Congress built in some statutory protections for the prisoners when it created the war court in response to the Sept. 11 attacks. For example, it forbids the use of self-incriminating confessions gained through cruel and inhuman punishment, such as torture.

But it does permit prosecutors to use what another prisoner said against a defendant gained through coercion — an exception defense lawyers have challenged as violating the constitutional right to due process. Defense lawyers have argued for years that the military judges should also apply other constitutional protections, such as Miranda rights and access to lawyers before the prisoners were charged.

The appeals court decision means the Guantánamo judges may not see themselves as obliged to consider those rights through a constitutional lens.

Will that expedite the trials at Gitmo? Read all of the Examiner report from Jerry Dunleavy, but that doesn’t seem likely.
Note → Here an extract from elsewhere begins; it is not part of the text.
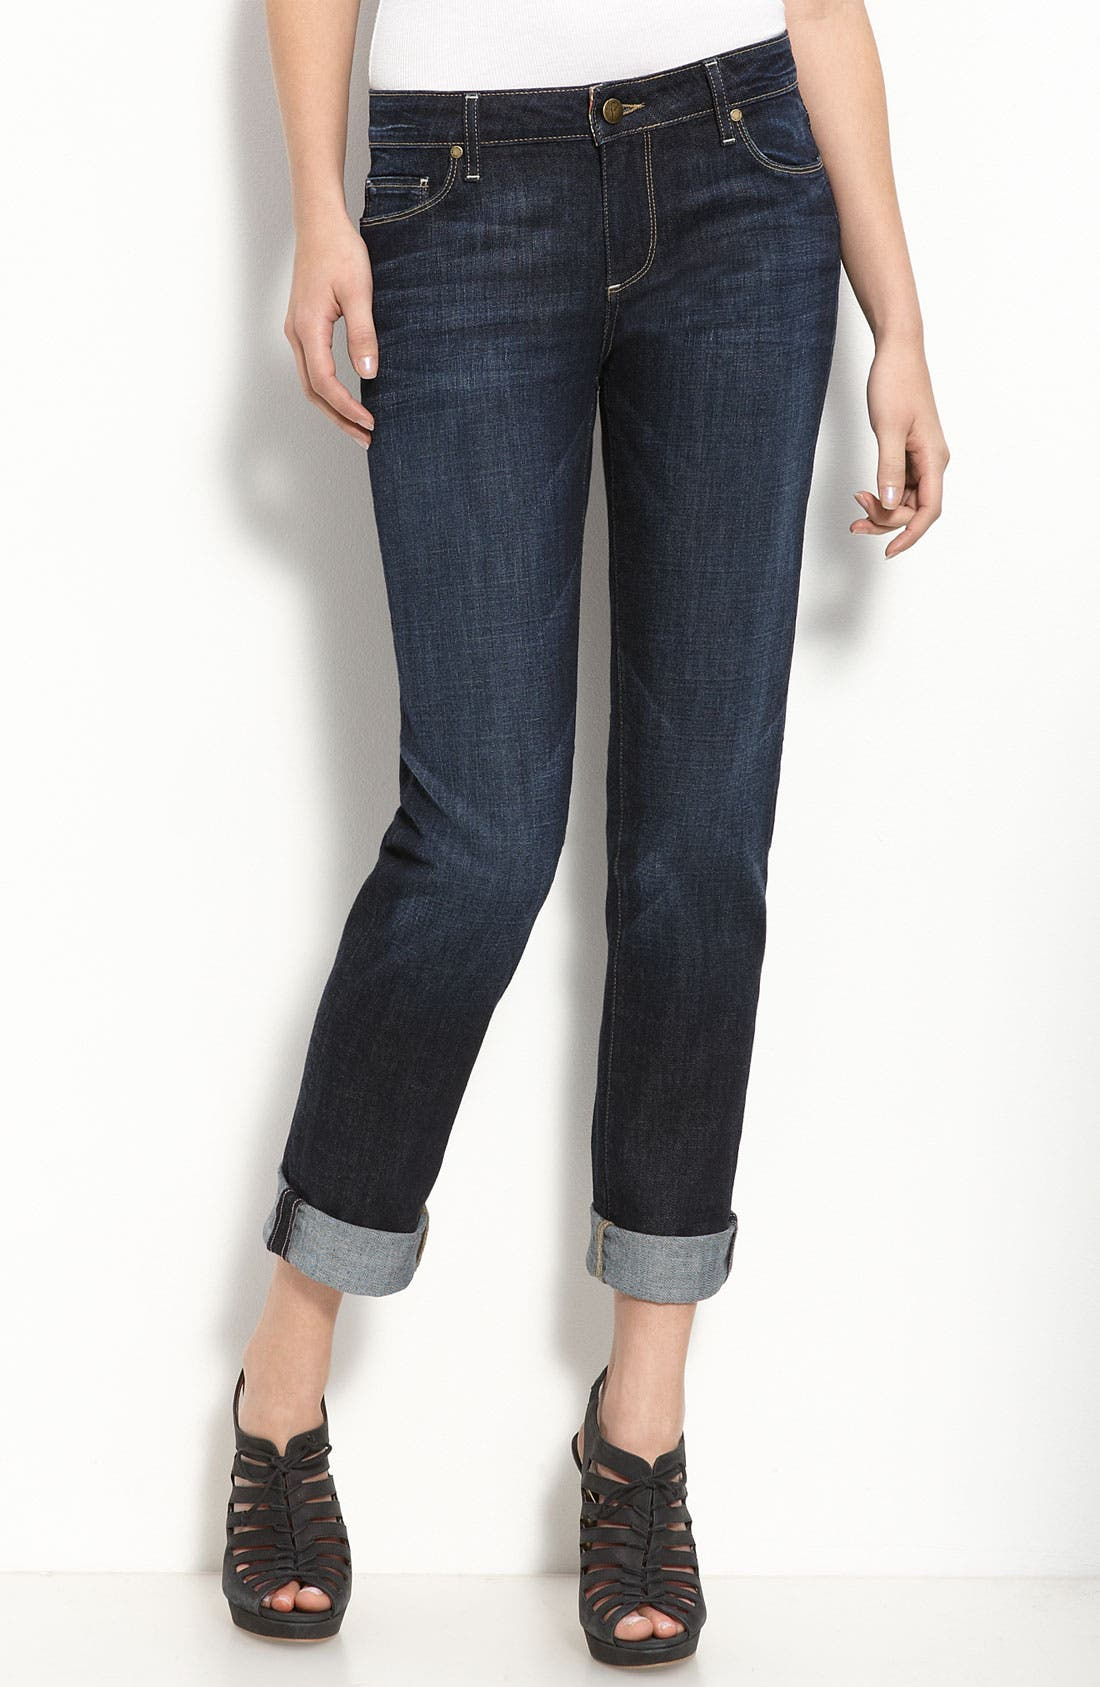 Main Image - Paige Denim 'Jimmy Jimmy' Stretch Jeans
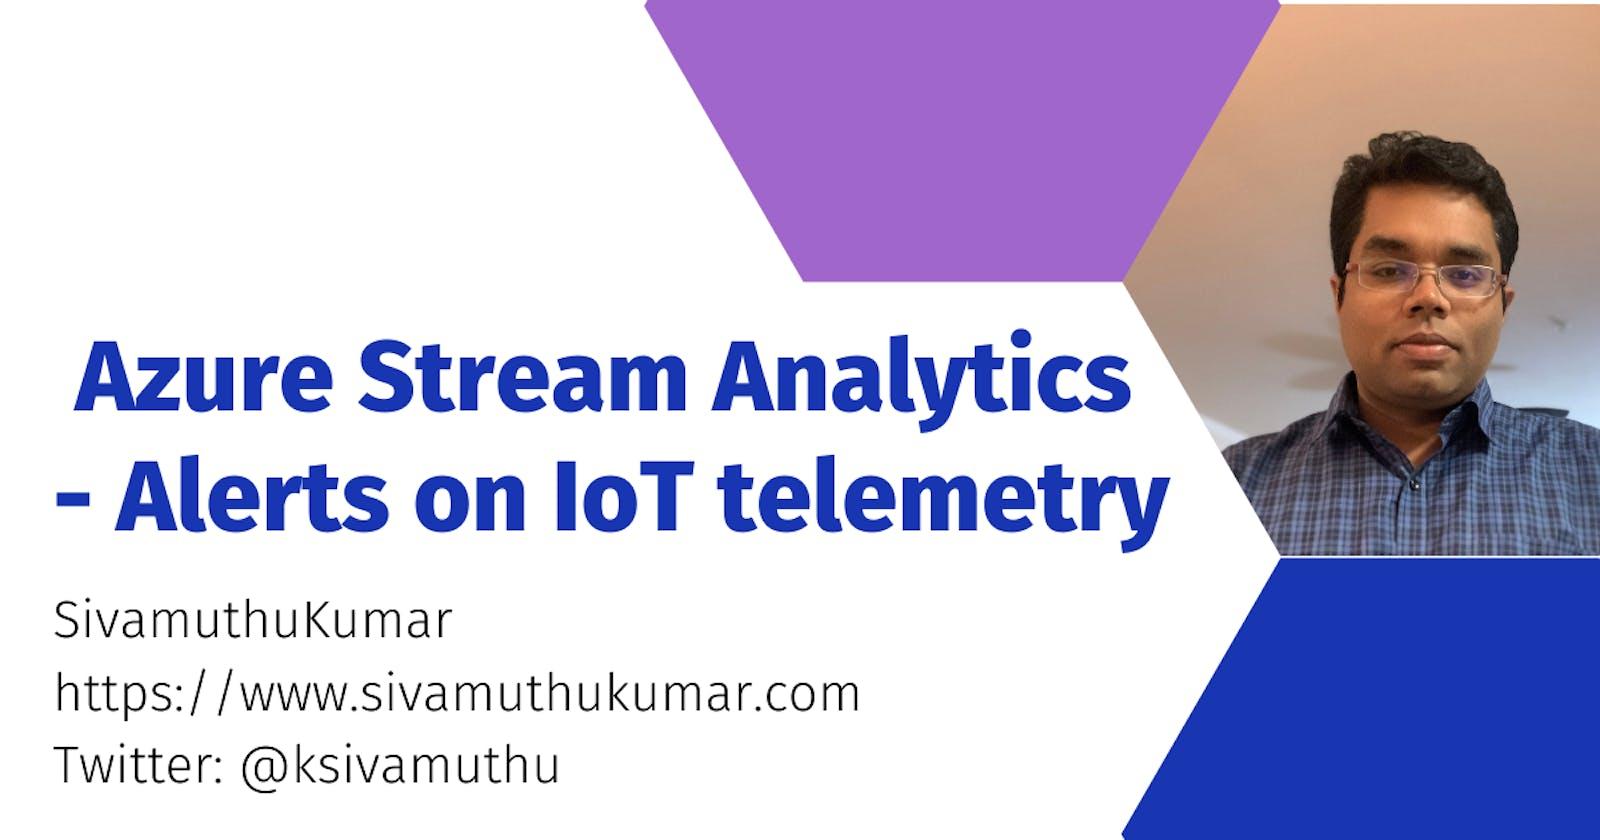 Azure Stream Analytics - Alerts on IoT telemetry

If anything, it might prompt further motions to delay the proceedings while defense attorneys attempt to appeal this decision and to restructure their defenses around it. There is already another motion to postpone for thirty months on the table, thanks to a change of counsel for al-Shibh — and that clock would only start after the pandemic protocols get lifted.

It’s far past time for this circus to come to an end. This should have been handled by military commissions in the first place. It’s not too late to get Congress to act to return this process back to sanity, and to finally finish the process of dealing justice to the worst monsters of al-Qaeda.